The isometric strength of the shoulder flexors and extensors was measured using a Lafayette® Hand-Held Dynamometer Model 01165A (Lafayette Instrument Company, Lafayette, IN). It is a portable microprocessor-controlled equipment used to quantify isometric muscular strength. The measurement range of the instrument was 1335 N. A handheld dynamometer (HHD) is a reliable instrument for measuring muscle strength [25]. A make test was used to assess the maximum isometric strength [25]. The evaluator kept the dynamometer stationary while the player exerted maximum strength [25,26]. For all assessments, the players were instructed to execute the maximal isometric strength on the dynamometer while the evaluator encouraged them with a standardized phrase, "harder, harder, and harder"; before real testing, a familiarization session was conducted [23]. The player completed three maximum strength trials, and the average of the maximal strength recordings was used for analysis (sum of maximal strength trials/number of repetitions). Each trial was separated by one minute of rest. The maximal isometric strength was recorded by the device during the test in Newton [26].

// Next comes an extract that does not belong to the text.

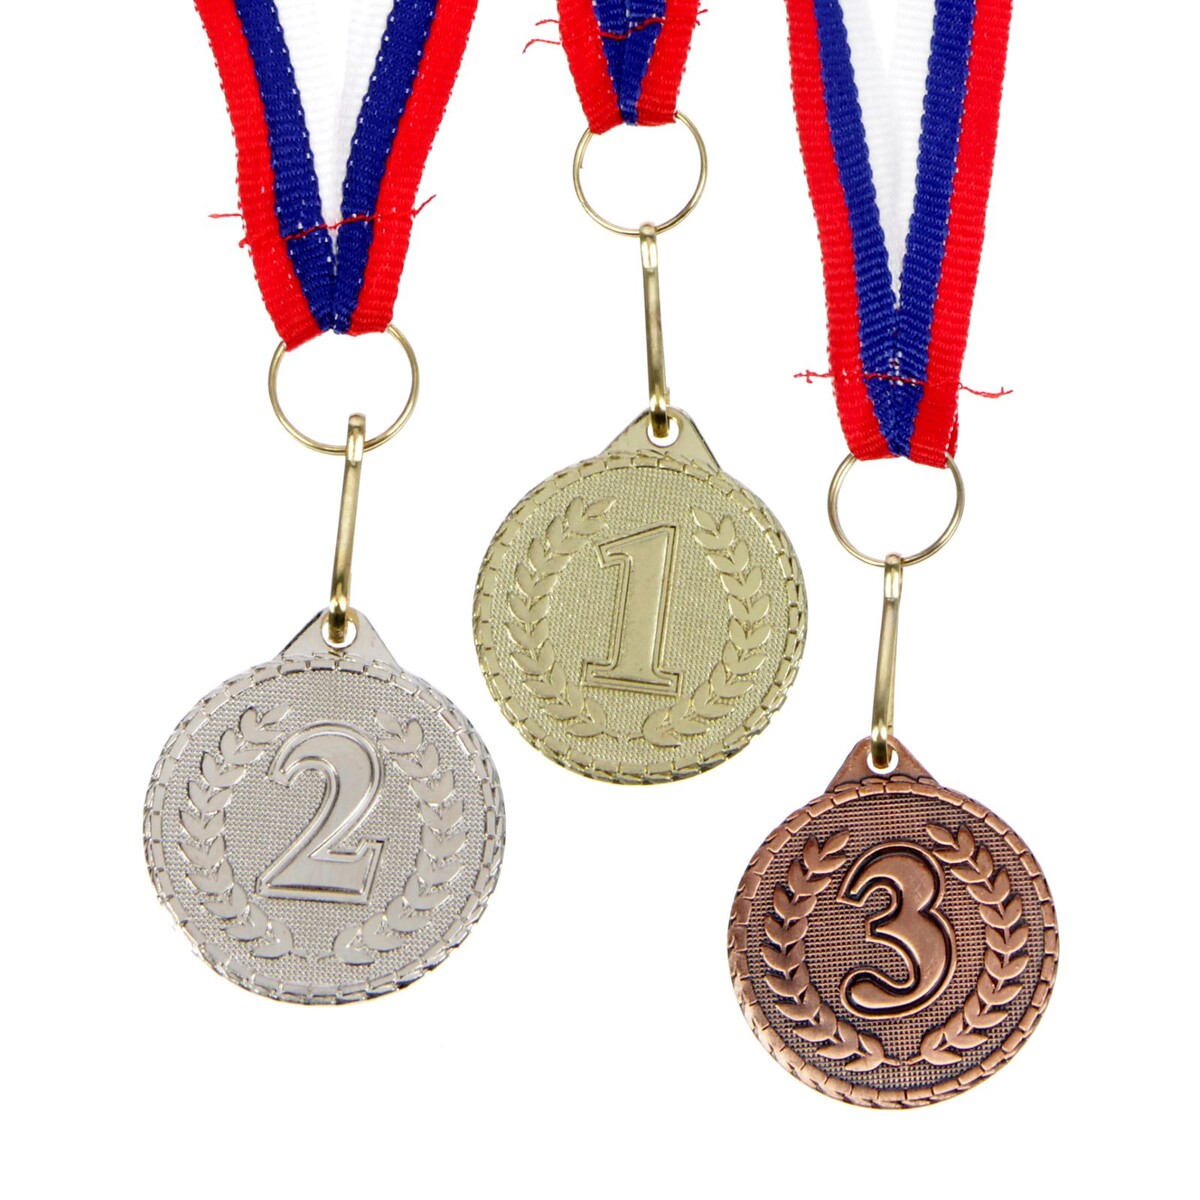 Медаль призовая 041 диам 3,2 см. 3 место. цвет бронз. с лентой медаль призовая 041 диам 3 2 см 3 место бронз с лентой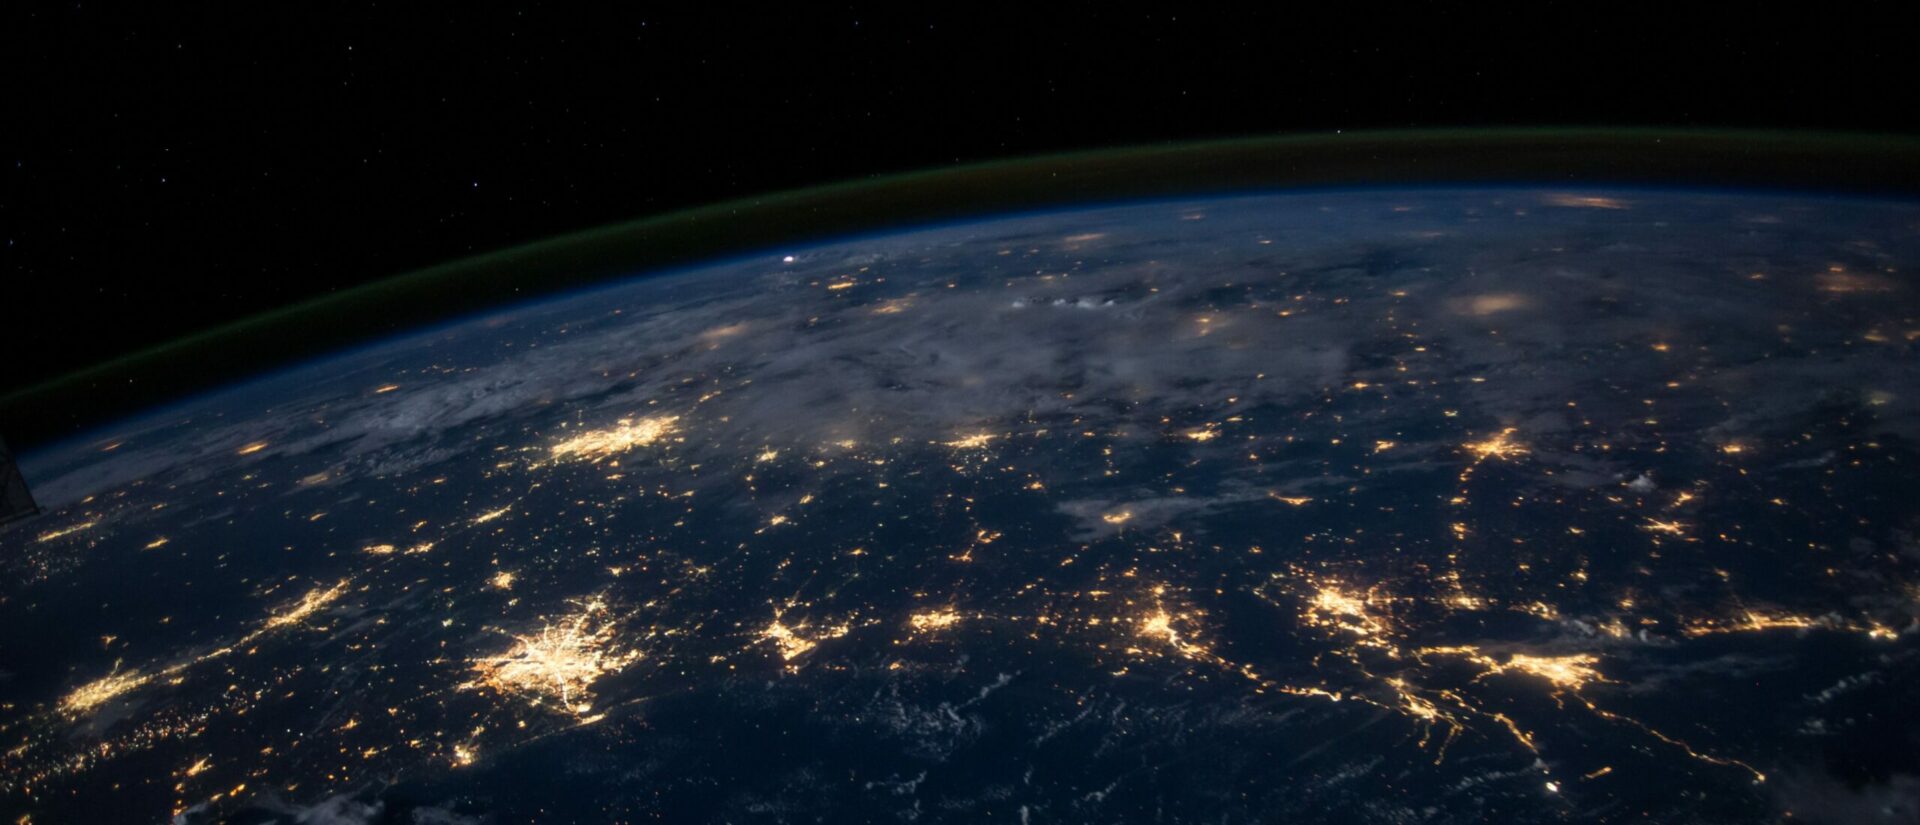 La 5G permettra de récolter plus facilement les données de milliards de personnes (Photo by NASA on Unsplash)

To assess the isometric strength of the shoulder flexors, the player assumed a neutral sitting position with the feet on the ground with 90° shoulder flexion, 90° elbow flexion, and supinated forearm [23]. The HHD was placed perpendicular to the anterior surface of the distal third of the arm [23]. For the assessment of the isometric strength of the shoulder extensors, the player assumed a sitting position with the upper limbs by the side and the elbow extended [27]. The HHD was placed on the posterior aspect of the humerus, just proximal to the elbow [27]. The therapist stood posterior to the player in a stride-standing position and applied force in a posterior-to-anterior direction perpendicular to the limb [27]. Each player was asked to resist the movement.

Sprint

The 20 m sprint test was used to measure the sprint time. The 20 m sprint performance is considered a relevant performance parameter important for success in all sports involving sprints [28,29]. The players were instructed to warm up before the commencement of the test. Each player completed a minimum of three sprints, each separated by a 2-3-minute rest. The average of the three trials was used for the analysis [30]. A stopwatch was used to record the time.

Agility

The Illinois agility test was used to evaluate the agility of players. The test was set up with four cones to form an agility area [31]. On command, the player sprinted 9.20 m, turned, and returned to the starting line [31]. After returning to the starting line, the player swerves in and out of four markers, completing two 9.20 m sprints to complete the agility course [32]. The players performed three trials, and the average of the three trials was used for the analysis. A stopwatch was used to record the time.

Statistical analysis

All data were analyzed using the SPSS software (version 17.0, SPSS Inc., Chicago, IL). The normality of the data was checked using the Shapiro-Wilk test, and data that showed non-normal distribution were log-transformed for further analysis. Correlation analysis was performed using the bivariate model, and Pearson's correlation coefficient was calculated. The correlation coefficients ranging from 0.70 to 1.0 were regarded as strong, those between 0.6 and 0.4 as moderate, and those from 0.3 to 0 as weak [33,34]. It is worth mentioning that these can only be used to demonstrate possible association. Multiple linear regressions were used to identify whether sports performance (sprint and/or agility) was associated with shoulder flexor and extensor strength. Age and body mass index (BMI) were also used for multiple regression, along with shoulder flexor and extensor strength. Statistical significance was set at p<0.05.

Results

The demographic data of the players (age, height, weight, and BMI) are shown in Table 1. The results of the correlation analysis showed a significant strong correlation of 20 m sprint performance with shoulder flexor strength (p<0.01) and a significant moderate correlation with shoulder extensor strength (p<0.01) (Table 2, Figure 1, and Figure 2). However, there was no significant correlation between agility and the shoulder flexor or extensor muscle strength (p>0.05) (Table 2, Figure 3, and Figure 4). The average age of the study participants was 21.43±2.76 years, and the average weight was 62.17±7.10 kg. The average height was 169.00±6.14 cm. Pearson's correlation coefficient values for shoulder flexor and extensor strength were -0.707 and -0.611, respectively. The p-value for both groups was <0.01. We also created directed acyclic graphs to explore the correlation between the exposure and outcome variables by adjusting the confounders such as age and body mass index (BMI) as shown in Figure 5.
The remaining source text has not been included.